Komentarze
-
...było na czym usiąść i się położyć ... :-) ...
-
Może to być po prostu wystawka.W omówiony dzień można wystawić niepotrrzerzebne rzeczy z domu .O ile nikt potrzebujący ich nie zabierze [a o niektóre toczą się wręcz wojny] - zabierają je służby miejskie.
-
Chyba nr 3 ;-)
-
Na szczęście nie do końca. Gdyby nie kilka swojskich obrazków zwariowałbym z rozpaczy. Brakowało mi zwłaszcza psich odchodów na ulicach, dzięki którym Polacy mają tak wspaniale rozwinięte zmysły. Wzroku, węchu oraz - bezcenne - zmysł dobrego smaku. Jacek był gotów poświecić się, i zawieźć nas do dzielnicy tureckiej, do której pomyłkowo trafił podczas swojego poprzedniego, znacznie dłuższego pobytu w Mannheim.

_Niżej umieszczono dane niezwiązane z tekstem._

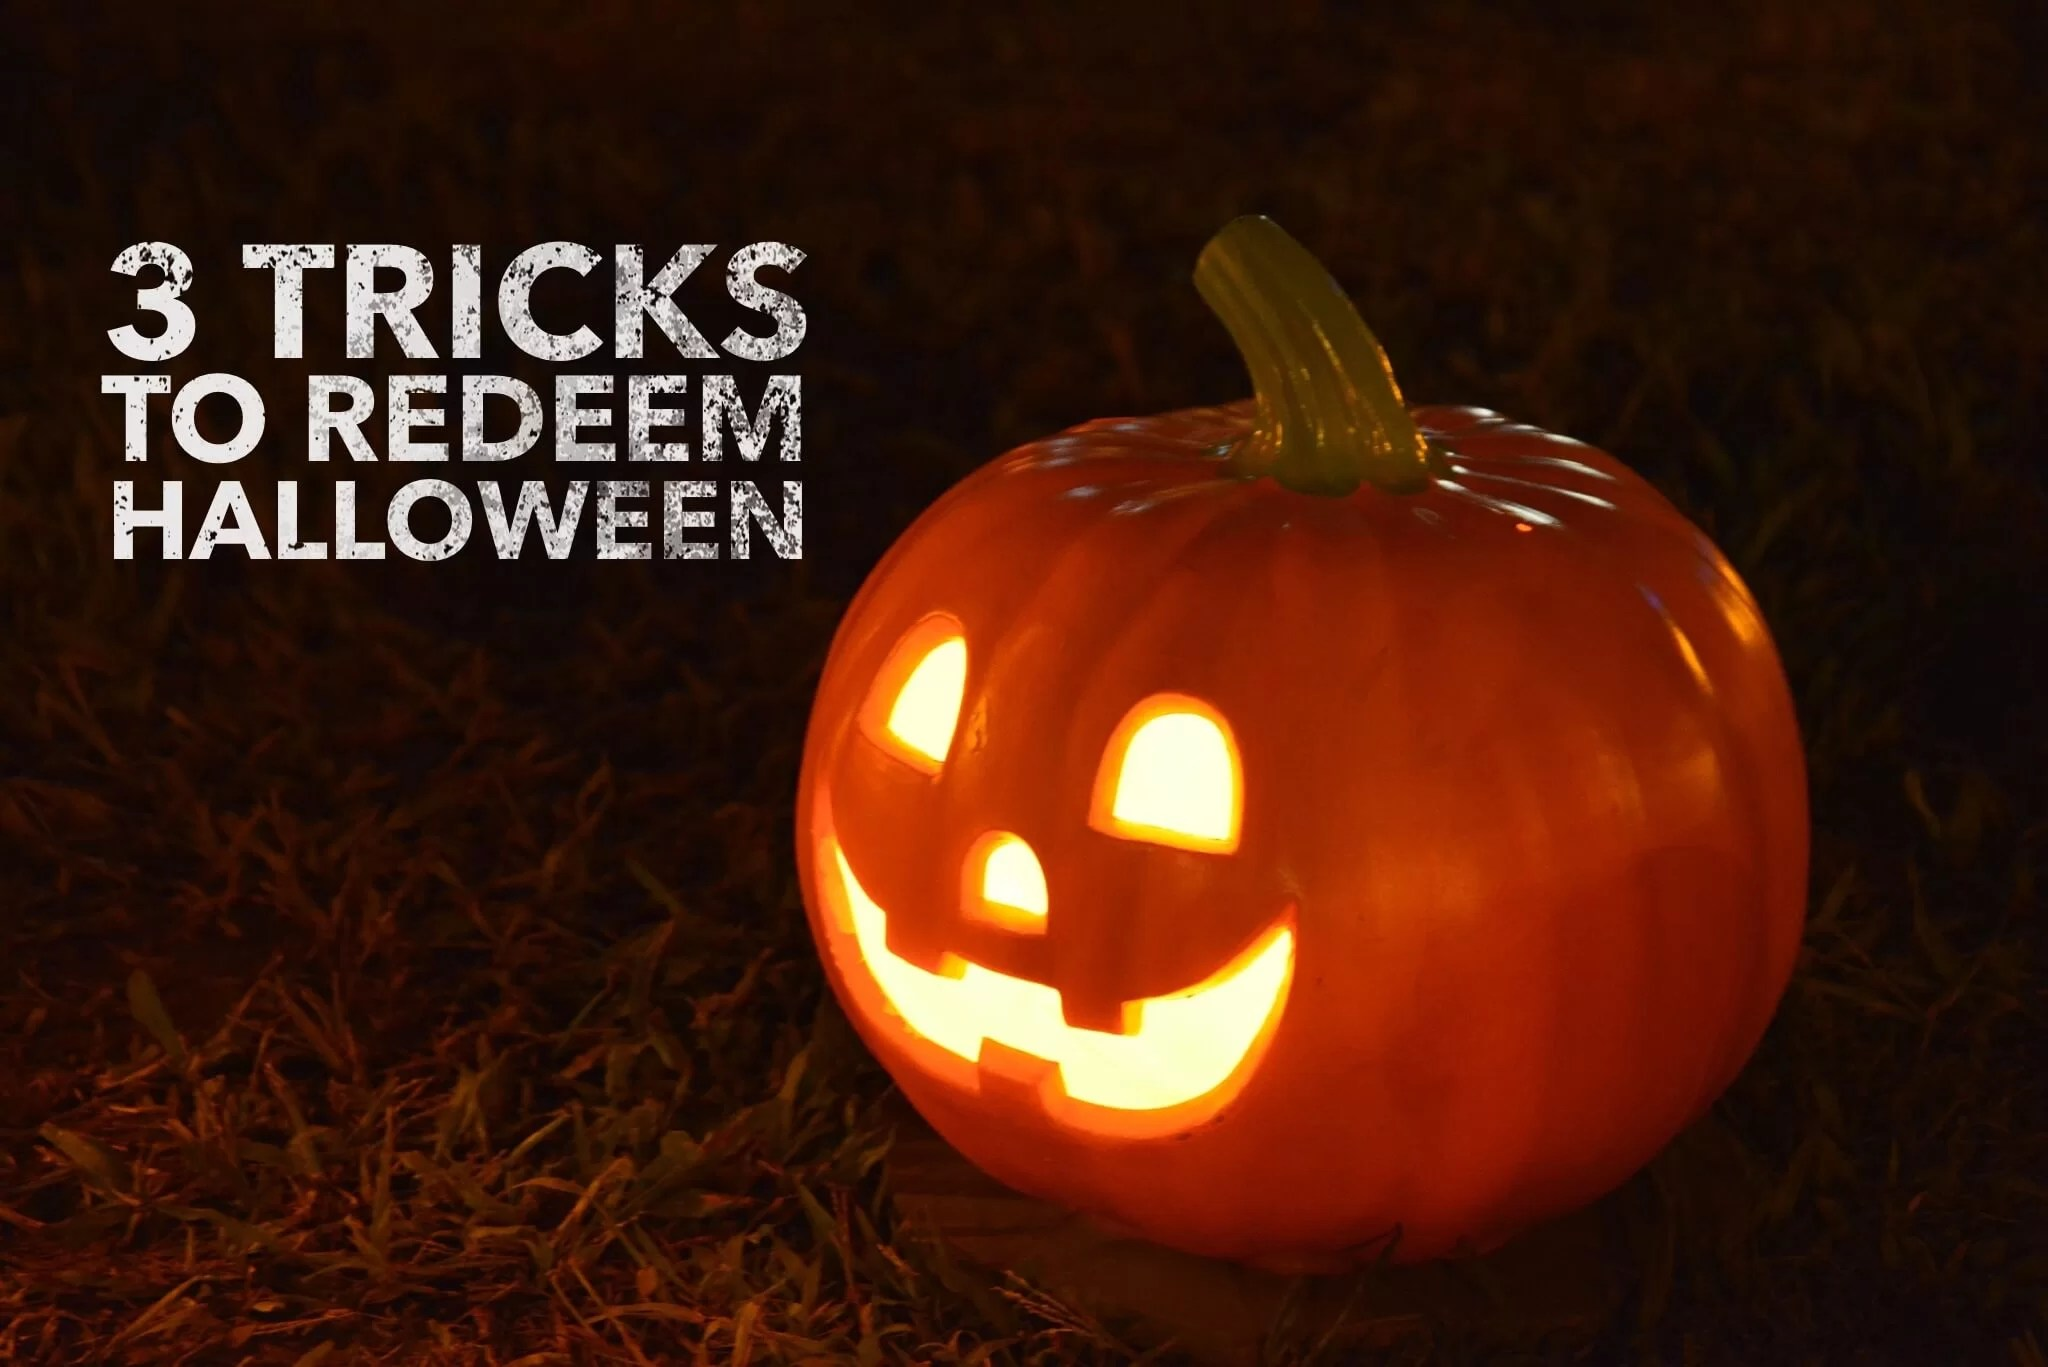 Tricks to Redeem Halloween

Ja byłem bardzo za, ale reszta chciała podziwiać niemiecki ordnung, i nic nie wyszło z podziwiania bliskich, choć nie słowiańskich klimatów...
-
"nudne i uporządkowane", " Brak jest tego, co Andrzej Stasiuk określił jako „słowiańską rozpierduchę” ;-)))
Chyba nie do końca ;-)))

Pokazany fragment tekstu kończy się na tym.